New `UntypedPointer` for heterogeneous data (idea, proposal)

Hi all,
this is a little idea/proposal for some kind of “UntypedPointer” to use with heterogeneous data.

(Disclaimer: I am new to low level memory management but sometimes this can bring some fresh new ideas, I hope :D)

Intro

What makes mojo great?

  • great abstractions over low level concepts (gpu)
  • great performance
  • great ergonomics
  • great type system
  • familiar pythonic syntax

When working with heterogeneous data, the current UnsafePointer is a “good” but not “great” abstraction.

I think there is room for improvement to make low level memory management much more approachable and ergonomic, especially for newcomers.
My impression is, that lower level memory management is often avoided despite interesting use cases, because the api is “hard to use” and not “fun” (yet)!
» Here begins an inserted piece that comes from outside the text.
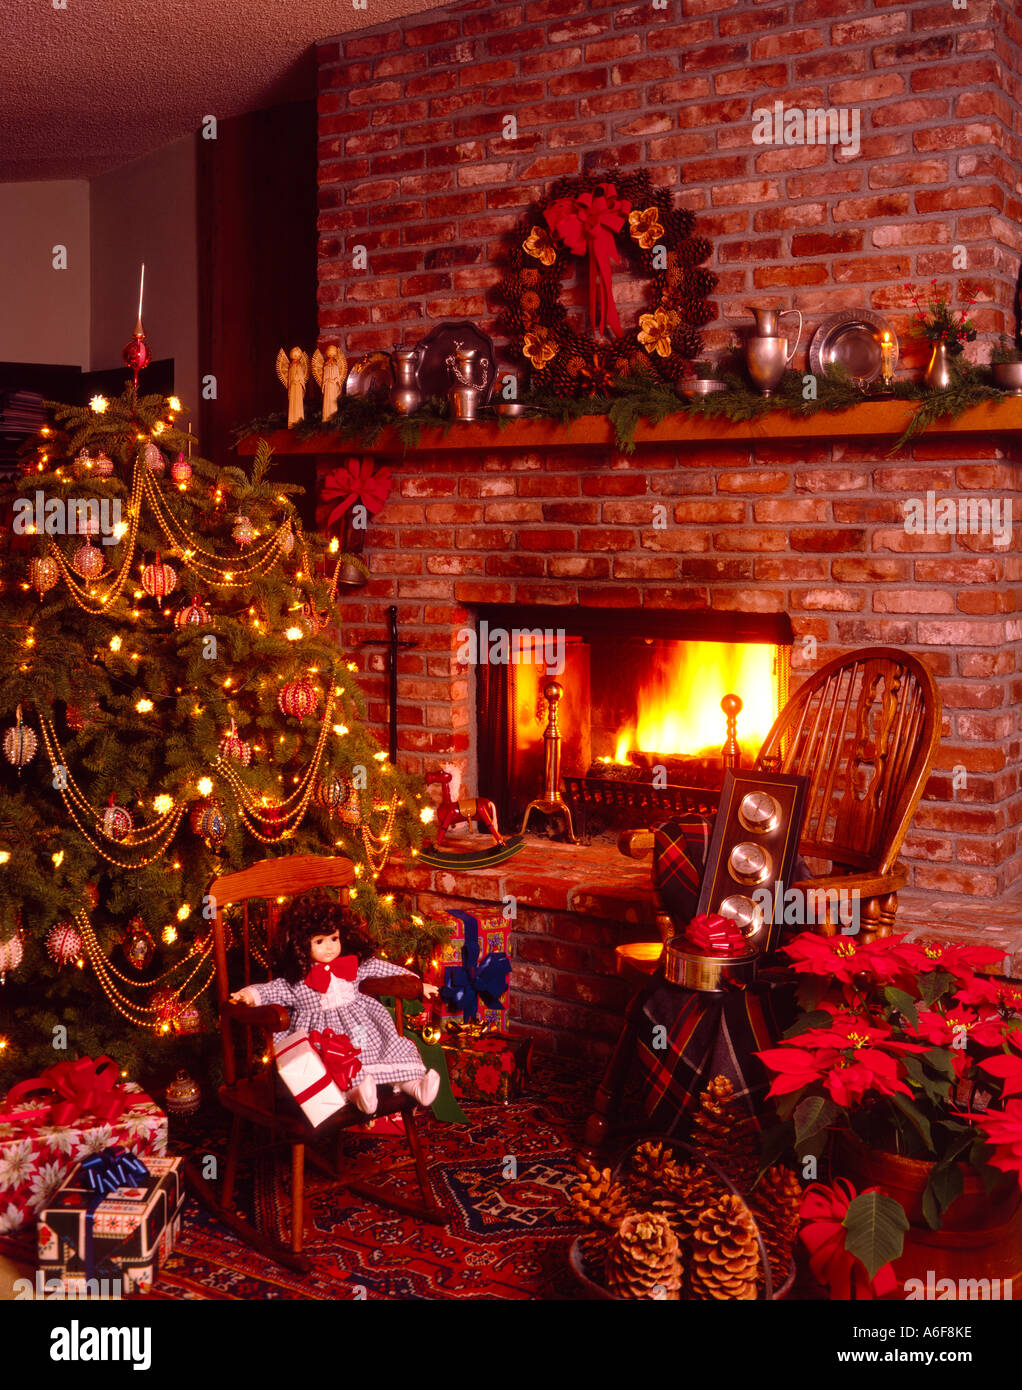 Christmas Fireplace Scene

Mojo has soooo much potential and making high level and low level coding fun and ergonomic is a great way to attract more people to the language and an absolute game changer! :nerd_face:

Pointers

Pointer (homogeneous data)

When working with homogeneous data (array, list), we need:

  • memory location: Where are we?
  • type: What is the type? The type is the SAME for all elements

Pointer (heterogeneous data)

When working with heterogeneous data (png, apache arrow, etc.), we need:

  • memory location: Where are we?

IMO having a type is not ideal, because the type is not the same for all elements.
Instead, we could specify the type when we read from the pointer, which would allow us to use the same pointer for different types.

Example 1 (from UnsafePointer documentation)

From the docs:

def read_chunks(var ptr: UnsafePointer[UInt8]) -> List[List[UInt32]]:
    chunks = List[List[UInt32]]()
    # A chunk size of 0 indicates the end of the data
    chunk_size = Int(ptr[])
    while (chunk_size > 0):
        # Skip the 1 byte chunk_size and get a pointer to the first
        # UInt32 in the chunk
        ui32_ptr = (ptr + 1).bitcast[UInt32]()
        chunk = List[UInt32](capacity=chunk_size)
        for i in range(chunk_size):
            chunk.append(ui32_ptr[i])
        chunks.append(chunk)
        # Move our pointer to the next byte after the current chunk
        ptr += (1 + 4 * chunk_size)
        # Read the size of the next chunk
        chunk_size = Int(ptr[])
    return chunks

Problem with this approach:

  • :cross_mark: multiple pointers (each type requires its own pointer)
  • :cross_mark: multiple memory locations
  • :cross_mark: bitcasting required
  • :cross_mark: pointer arithmetic is not very ergonomic

The proposed solution would look like this:

def read_chunks2(var ptr: UntypedPointer) -> List[List[UInt32]]:
    chunks = List[List[UInt32]]()
    
    chunk_size = ptr.read[Int, move=True]()  # "move" will move the pointer to the next memory location
    while (chunk_size > 0):
        chunk = List[UInt32](capacity=chunk_size)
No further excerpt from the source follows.